In order to optimise the backup process I would need a way to prevent the pipeline stalls while data was being written to the tape drive. The addition of another dd process after gzip could provide this buffer:

% tar cf - /usr/src/linux | gzip -c |
  dd obs=512k | dd obs=512k of=/dev/tape
In the pipeline above gzip writes data to the first dd process. As soon as this process accumulates 0.5MB it writes it to the second dd process using a single write call. As soon as the second dd process accumulates 0.5MB (i.e. immediately after the first process writes it) it will issue a write call to send the data to the tape drive. While data is being written to the tape the second dd process is blocked; however, the first one is still running, as it has written its block to the second process and is now again accumulating the next block to write. Therefore tar and gzip can continue gathering and compressing data at the same time as data is being written to the tape drive. Thus, the two dd processes effectively implement a double buffering mechanism.
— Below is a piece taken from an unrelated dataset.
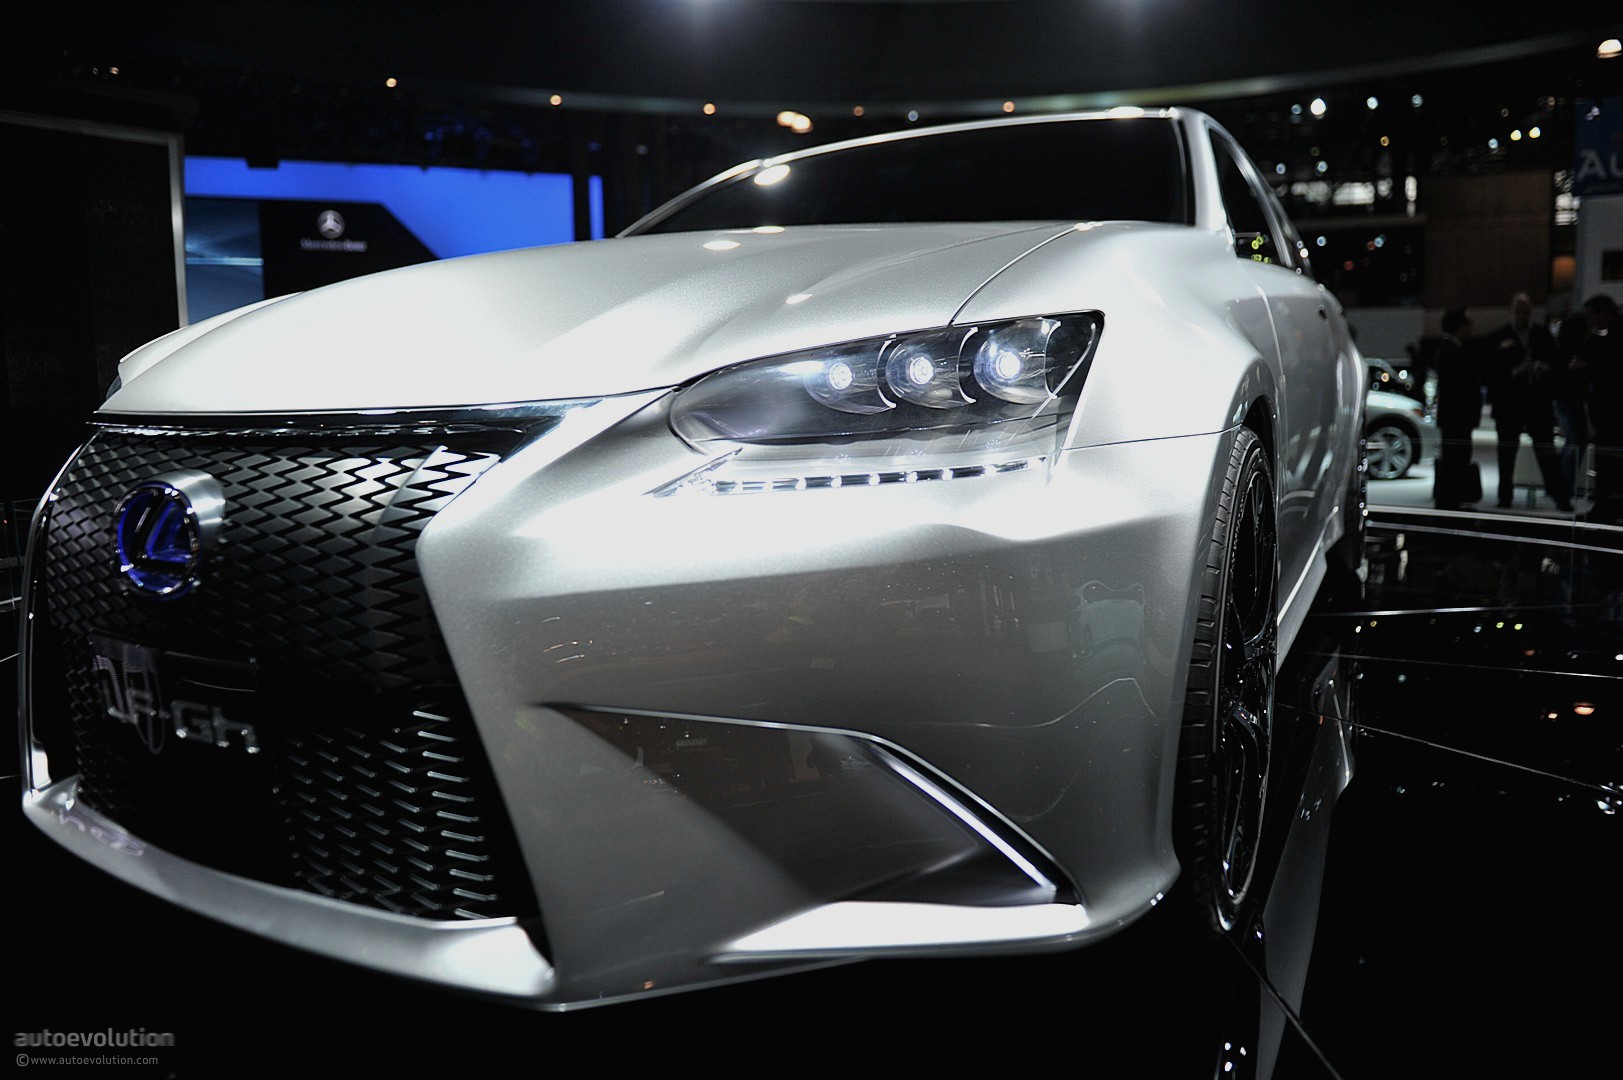 NYIAS 2011: Lexus LF-Gh Concept [Live Photos] - autoevolution1623 x 1080

The time measurements prove the validity of this approach:
% time sh -c 'tar cf - /usr/src/linux | gzip -c |
  dd obs=512k | dd obs=512k of=/dev/tape
27979+1 records in
27+1 records out
27979+1 records in
27+1 records out
364.34user 48.57system 9:23.22elapsed 73%CPU

Our change resulted in a 28% decrease in the tape overhead giving a 10% decrease in overall execution time. Depending on the performance differences between the CPU and the peripheral in question, the execution time can decrease even more.

Conclusions

As I mentioned in the beginning one of the responsibilities of an OS is to optimise the utilisation of a computer system by the appropriate scheduling of tasks. In our initial case while the system was waiting for the tape drive to write the data it could indeed run other unrelated processes such as sendmail or httpd. However, the operation of the processes in the backup pipeline could not be parallelised beyond the limits imposed by the small buffer provided by the implementation of pipes under Unix. Soon after one process in the pipeline blocked the whole pipeline was stalled. Adding an additional dd process before the process writing to the tape provided extra breathing space to the pipeline and increased the possibility for parallel operation. The same approach can be used in all cases where a pipeline consists of a mixture of I/O and CPU-bound tasks.